For its part, the government points to United States v. Henderson, in which we held that even though, as a general matter, one witness can't testify about another witness's truthfulness, a district court doesn't err when it permits a law-enforcement officer to explain the manner in which he conducted his investigation, even if his testimony incidentally bears on another witness's credibility. 409 F.3d 1293, 1299 (11th Cir. 2005). That, the government says, is how to understand Sweet's false-exculpatory testimony here: Throughout the trial, Burnette insinuated that the agents had coaxed him to engage in bribery and, indeed, that they had continued to pursue him even in the face of his statements disclaiming a desire (or need) to pay Maddox. The agents persisted in their investigation, Sweet testified, because they thought that Burnette was feeding them “false exculpatory statements.”
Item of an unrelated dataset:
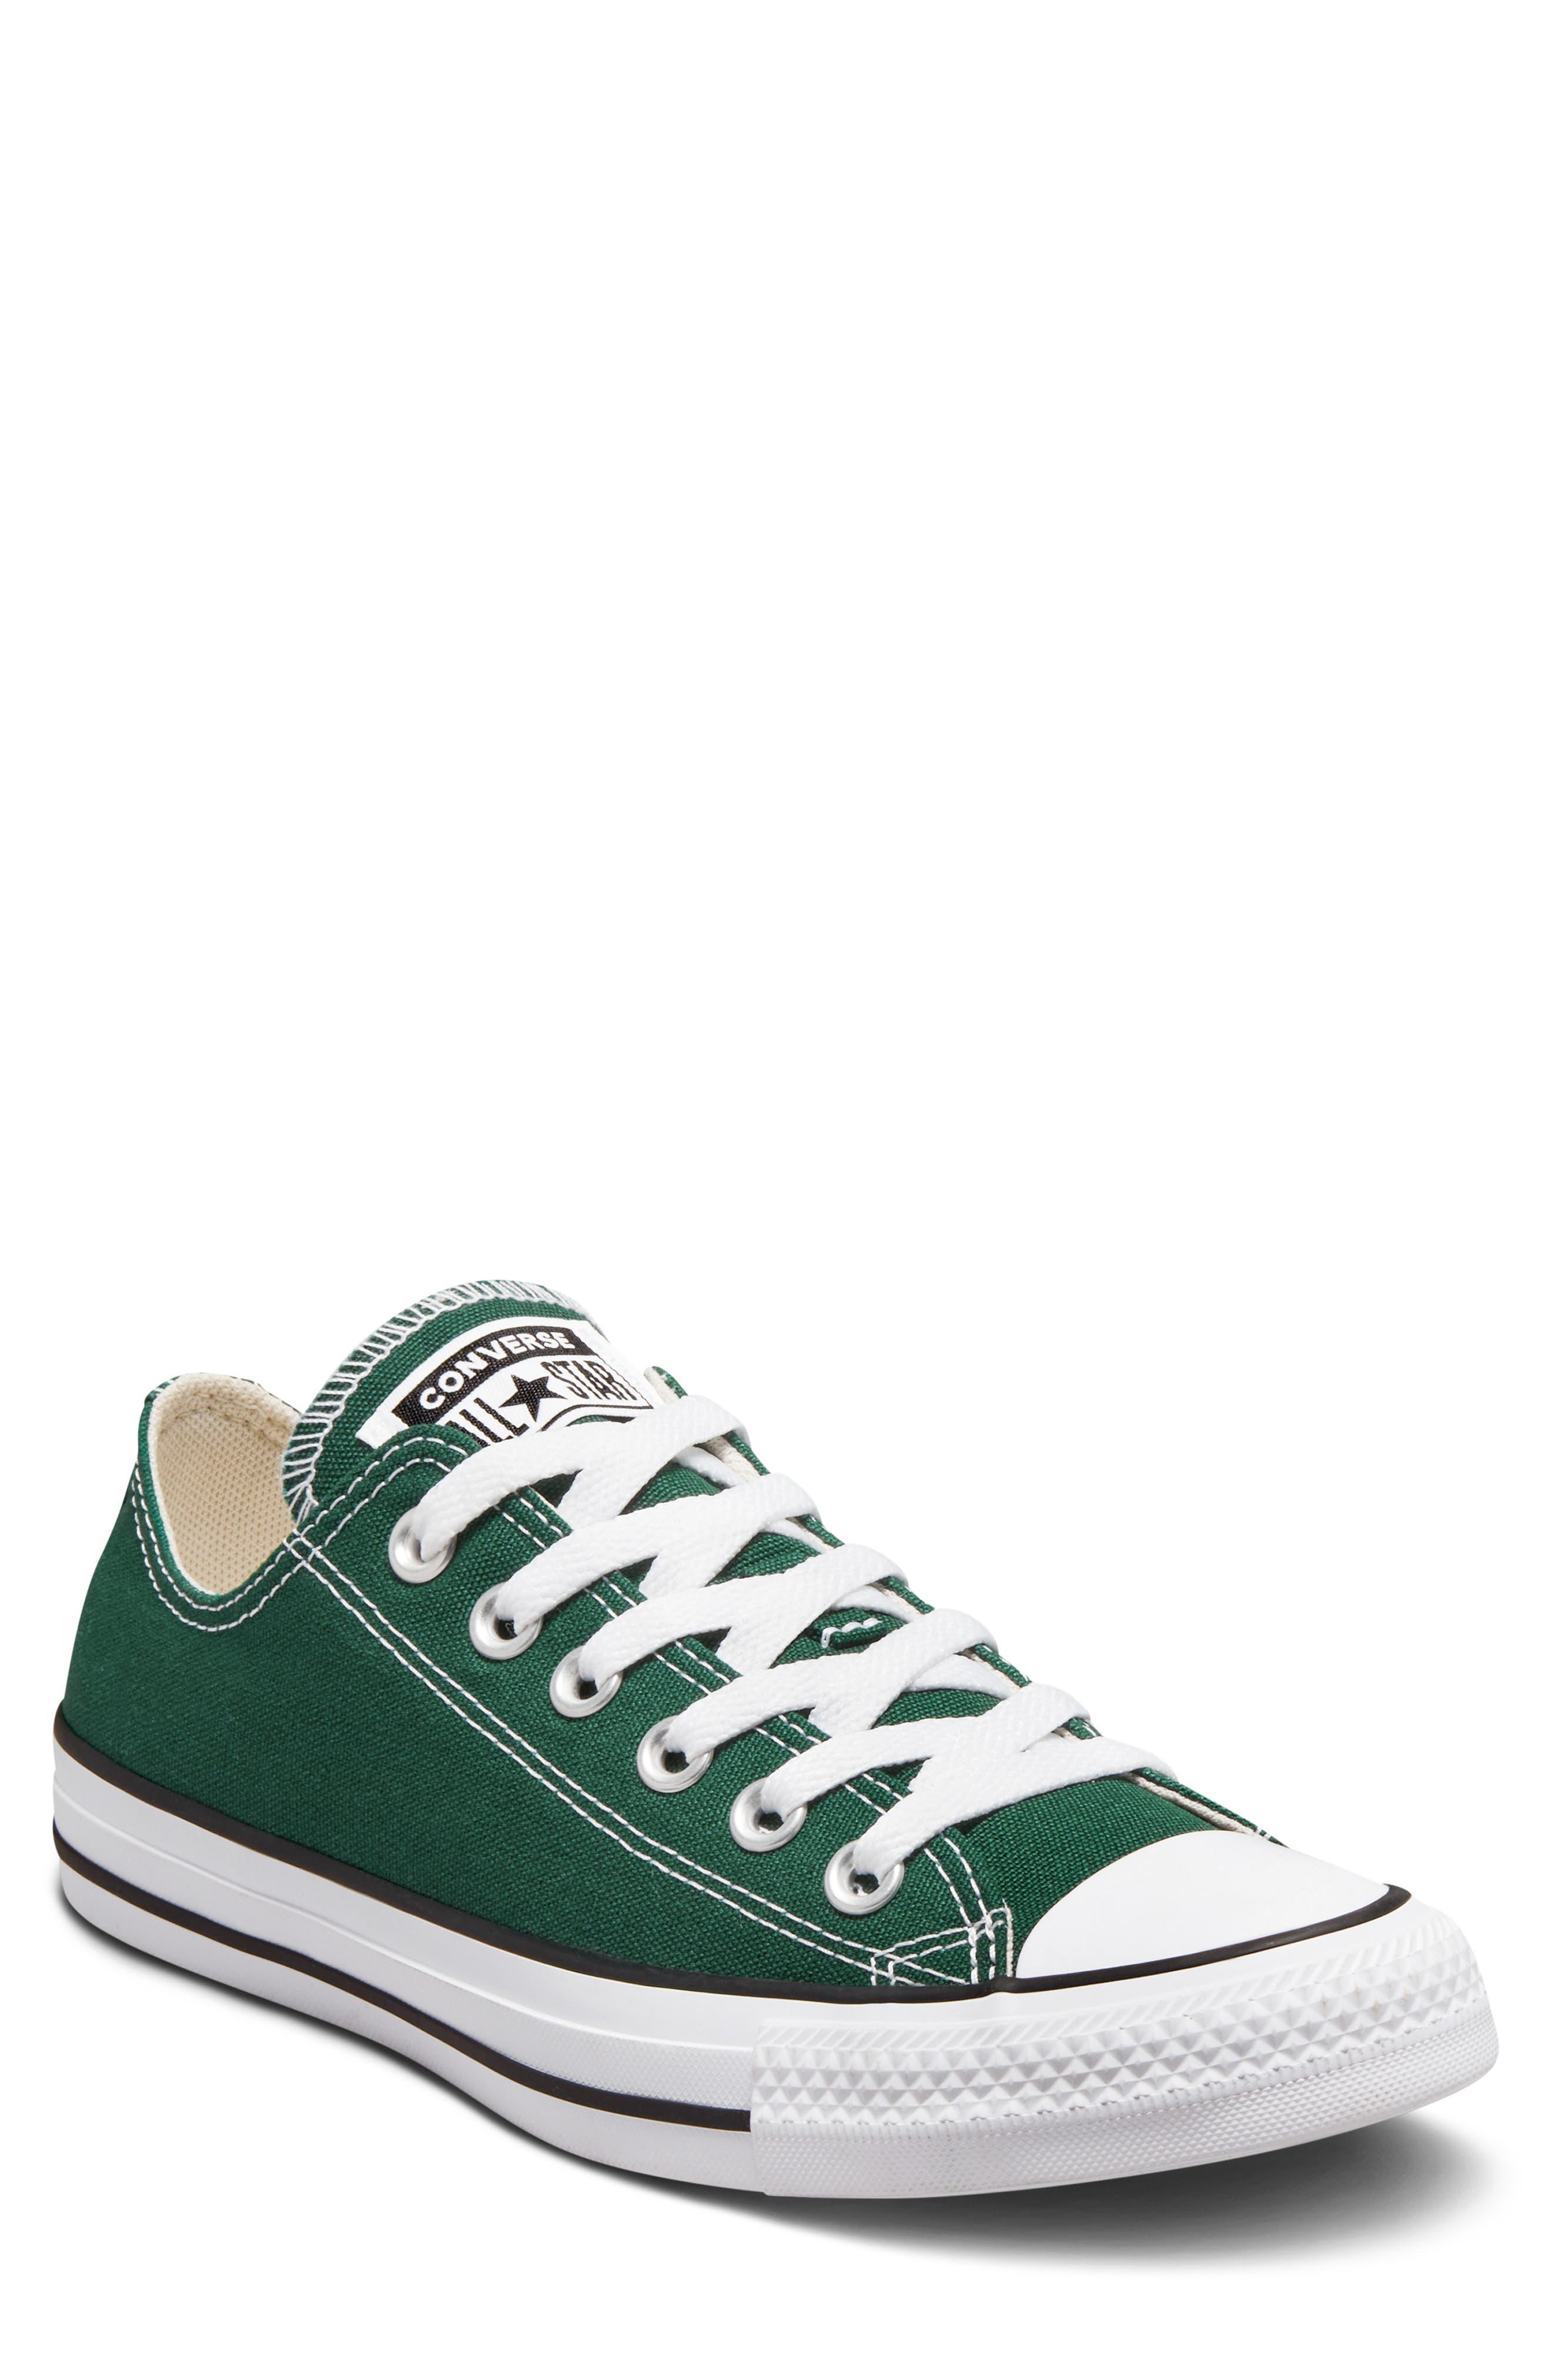 women's green converse sneakers

We needn't choose between the parties' competing interpretations of Sweet's testimony or decide whether the district court erred in allowing it because we conclude that any error that might have occurred was harmless. “An evidentiary error ‘is harmless unless there is a reasonable likelihood that [it] affected the defendant's substantial rights.’ ” United States v. Frediani, 790 F.3d 1196, 1202 (11th Cir. 2015) (quoting United States v. Hands, 184 F.3d 1322, 1329 (11th Cir. 1999)). Accordingly, “w[e] need not reverse [Burnette's] conviction if the [alleged] error had no substantial influence on the outcome and sufficient evidence uninfected by the error supports the verdict.” Id. (quoting Hands, 184 F.3d at 1329). In making that determination, we must “weigh[ ] the record as a whole, examining ‘the facts, the trial context of the [alleged] error, and the prejudice created thereby as juxtaposed against the strength of the evidence of defendant's guilt.’ ” Hands, 184 F.3d at 1329 (quoting United States v. Reed, 700 F.2d 638, 646 (11th Cir. 1983)).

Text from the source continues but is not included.